The Pakistani government has defended its actions, asserting that Afghans residing in the country have been involved in militant attacks, and criminal activities, and pose a threat to Pakistan’s internal security.

Despite calls from the United Nations, human rights groups, and Western countries to reconsider the expulsion policy, Pakistan has remained resolute in its stance.

According to a report by Reuters, over 24,000 Afghans crossed into Afghanistan using the Torkham border crossing, located at the northwestern end of the historic Khyber Pass, on the road connecting Peshawar in Pakistan and Jalalabad in Afghanistan on Wednesday alone.

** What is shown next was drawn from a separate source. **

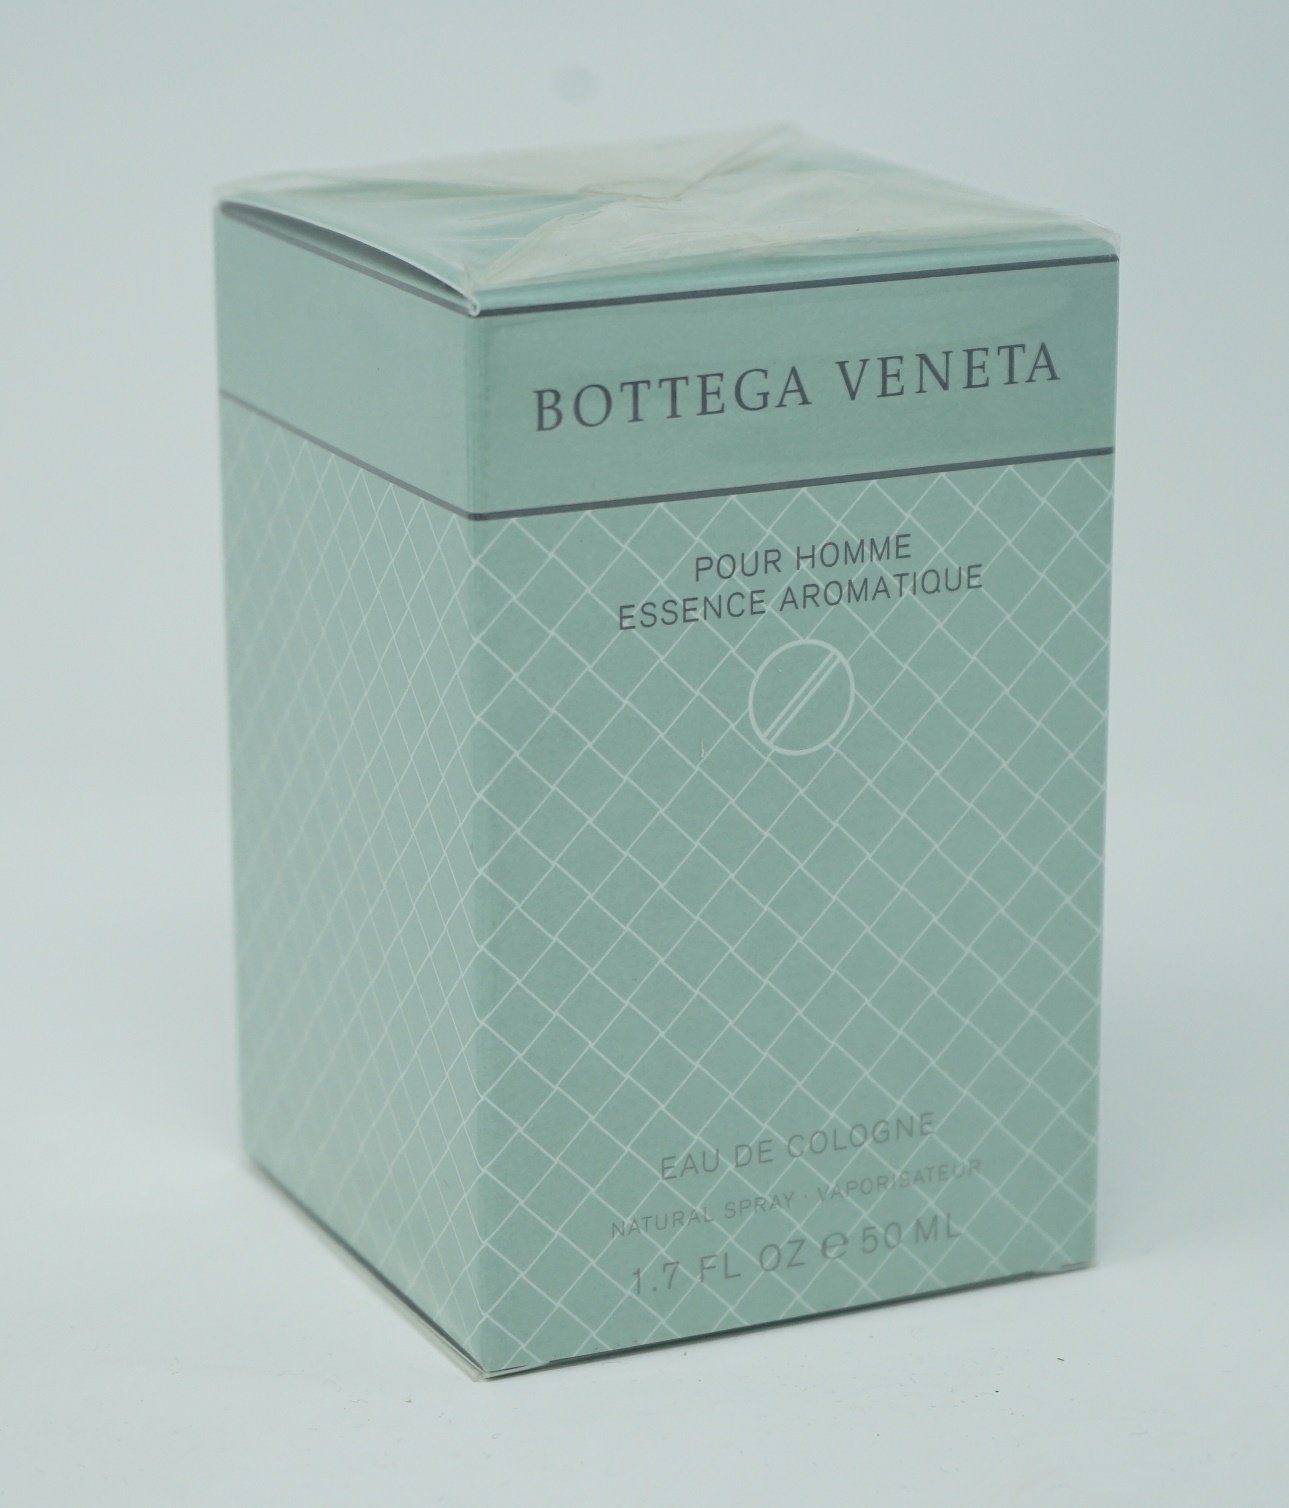 BOTTEGA VENETA Одеколон Bottega Veneta Pour HOmme Essence Aromatique Одеколон 50ml

Notably, Pakistan has restricted media access to the Torkham crossing since Tuesday.

Authorities have been working tirelessly, with a camp established near the crossing to facilitate the process.

An estimated 128,000 Afghans have already left via the border crossing since the Pakistani government issued its directive. Additional crossings are occurring at Chaman, situated in Pakistan’s southwestern province of Balochistan.

Origins of Pakistan’s Leave Order

On October 3, Pakistan’s Interior Ministry made a significant announcement, giving all migrants residing without legal status in the country 28 days to leave voluntarily or face deportation.

Caretaker Interior Minister Sarfraz Bugti emphasized that “all foreign nationals living illegally in the country have been given until November 1 to leave voluntarily or face deportation.”

Although the government asserted that the action was directed at all illegal migrants, it is well established that it is primarily targeting Afghan nationals.

The government cited a surge in terrorist attacks on Pakistani soil as the rationale behind this move. The Pakistani authorities claimed that 14 out of 24 suicide bombings in the nation this year were perpetrated by Afghan nationals.

Bugti stated that the Afghan nationals residing in Pakistan lacked the necessary legal documentation, with a total of 4.4 million Afghan refugees currently residing in Pakistan. He asserted, “These are not just opinions that we are attacked from within Afghanistan, and Afghan nationals are involved in attacks on us. We have evidence”.

Taliban called it “Inhumane”, “Unacceptable”

Taliban strongly condemned the Pakistani government’s actions and issued a stern warning, suggesting that they may take action if the expulsion of immigrants is not halted. Deputy Minister of Foreign Affairs of the Taliban administration, Shir Mohammad Abbas Stanikzai, stressed that the Pakistani government must reconsider its stance on expelling immigrants, as reported by Khaama Press.

Taliban spokesperson, Zabihullah Mujahid last month stated that “the behavior of Pakistan towards Afghan refugees is “unacceptable“. Afghan refugees are not involved in Pakistan’s security problems. As long as they leave Pakistan voluntarily, that country should tolerate them, but forced eviction will not be accepted”.

A decision to depart 1.73 million Afghan refugees from Pakistan has not only escalated tensions with Afghanistan but has also created another humanitarian crisis in an already war-torn and unstable region.